Changing color based on ground color

Hello everybody,

I’m trying to change the color of my object based on the color/material of the object that it’s on.

I was just going to do this using the material’s name. For example, I have 2 materials, one is “Ground” and one is “RedGround”. I called both the object material and the physics material this.

Using the OnCollisionEnter event, I wanted to set the object’s color. Here’s what I tried:

function OnCollisionEnter(collision : Collision) {
	var mat = collision.collider.material;

	print(mat.name);
	
	if(mat.name == "RedGround"){
		renderer.material.color = Color.red;
	}
	else{
		renderer.material.color = Color.white;
	}
}

For some reason, even when I’m on the “RedGround” material, the mat.name==“RedGround” expression NEVER evaluates to true. When I do Debug.Log(mat.name), I get “RedGround (Instance)” in the unity console. The Unity reference states that name is a String… is this not the case?

Should I be using materials to determine what kind of ground my character is on? Is there a better way to handle it?

Also, my object has the Self-Illumination/Defuse shader on it. Is there a way to only change the color of the part that is the illumination part of the texture? Currently, it changes the entire color, but parts of my object are gray, which turns into a redish-gray when changed.

Thanks!

-Sam

Anyone?

I’m not sure I follow your question. You said that the conditional ‘mat.name == “RedGround”’ is never evaluating to true, but you also said the name that’s displayed is ‘RedGround (Instance)’. So why would you expect the conditional to evaluate to true in that case? (Or am I just not understanding the question?)

I want to know if my character is on top of the material “RedGround”

mat.name should be a String that’s equal to “RedGround” (unless .name isn’t actually a String, but the documentation says it is)

So… is the (Instance) part indicating that it’s NOT a string? What exactly is it? How can I identify the material that my character is on and do something in response to that?

If Debug.Log prints “RedGround (Instance)”, then that’s what the name is.

–Eric

I guess I thought that Unity was appending some sort of datatype to the output of the string, and that the (Instance) part wasn’t part of the actual string.

Why does Unity append the (Instance) to my material name? The material name itself is (RedGround), but every instance of the redground material gets the added (Instance) appended? That seems… silly.

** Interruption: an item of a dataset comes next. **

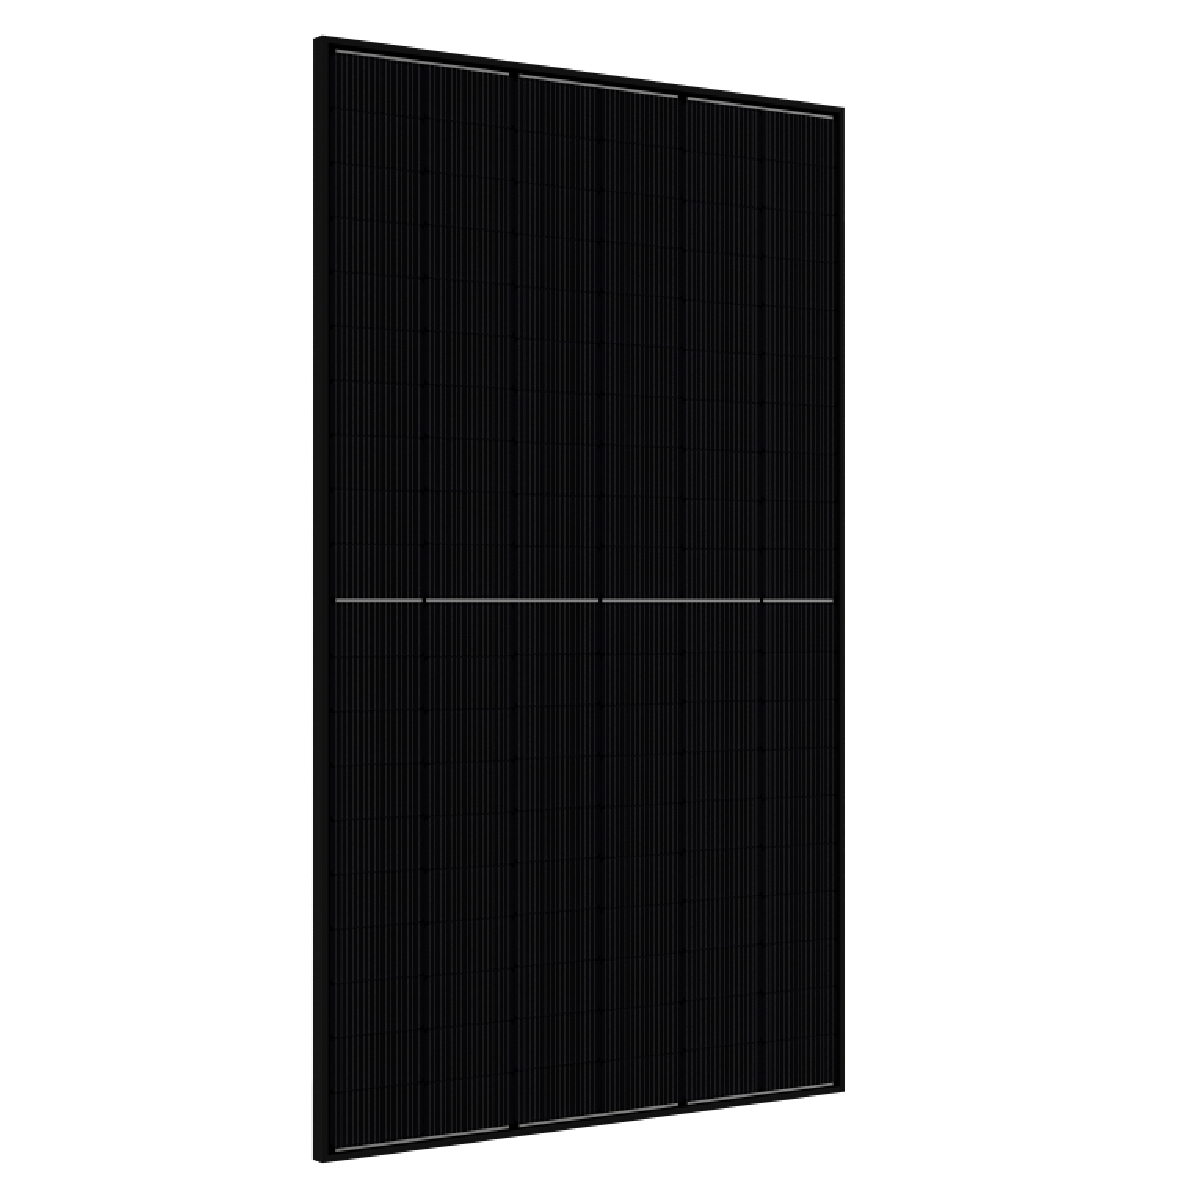 TommaTech 470Wp 120TNFB M10 TopCon Dark Series Solar Panel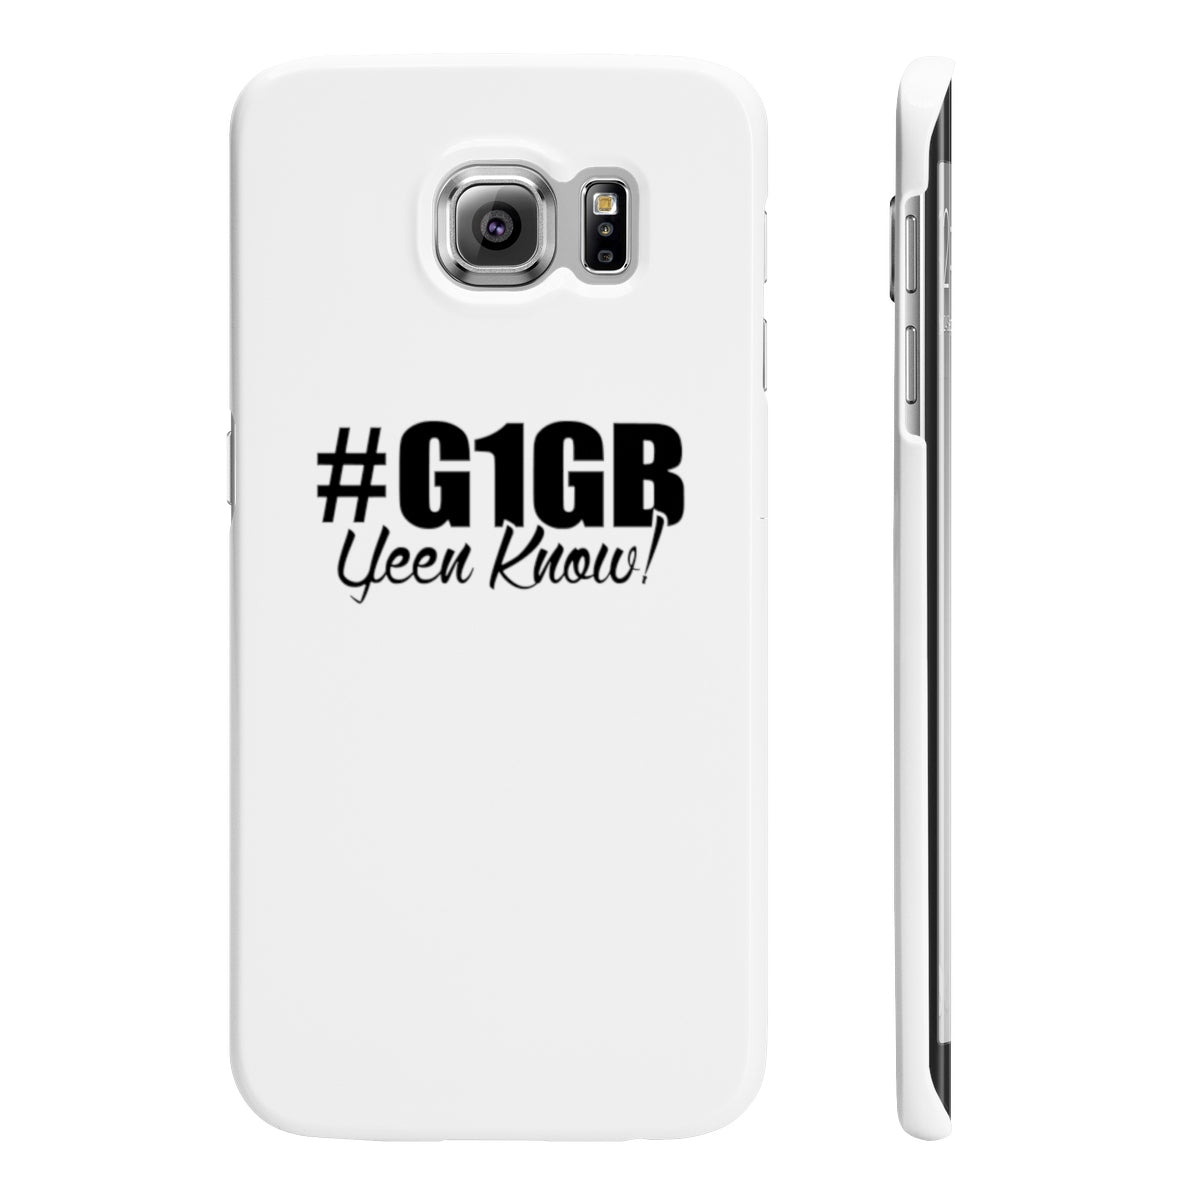 White #G1GB Phone Case

Is there a different way to detect what kind of ground that I’m on?

It’s just a convention, I think. (In some cases it’s useful to know whether an object has been cloned or otherwise created dynamically.)

As with most things, there are many ways. For example:

  • You could stick with the name-based method, but use string manipulation to remove parts of the name that aren’t of interest (some might mention though that lots of string manipulation can end up giving the GC more work to do).

  • If you don’t need tags for anything else, you could use tags for this.

  • You could create a simple component type that has an enum representing the surface type, and then query that component to see what the type of the surface is.

  • You could create a custom component type that stores an ID for the material (e.g. a string or enum), a render material, and a physics material as a ‘package’ that groups all that data together. Objects that have a material type can then have another custom component that references one of these ‘material’ objects (essentially an application of the flyweight pattern). When you collide with a collider, you’d then grab the ‘material reference’ component and grab the ‘material’ reference from that component, and then you can acquire any info about the material that you might need. (This approach might be overly complex for some cases, but for for others it might be suitable. FWIW, I’ve used this method to identify the properties of a surface that a game object is in contact with, and it works fine.)

Ah, that makes a lot of sense. If tags are easy, I’ll probably do that.

Essentially, I’ll be granting the player different abilities that they can activate while on certain types of ground.

Also, for changing colors… I have the “Defuse w Illum” type material set on my character. Parts of the character are gray, while other parts are white. If I just set the color of the object to Color.Red, the gray part gets reddish as well. I want only the white parts to become red. Is there an easy way to do this?

On another side note… how do you map UV coordinates in Unity? Unity seemed to import my UV coordinates from Blender fine, but is there no internal way to map textures within Unity?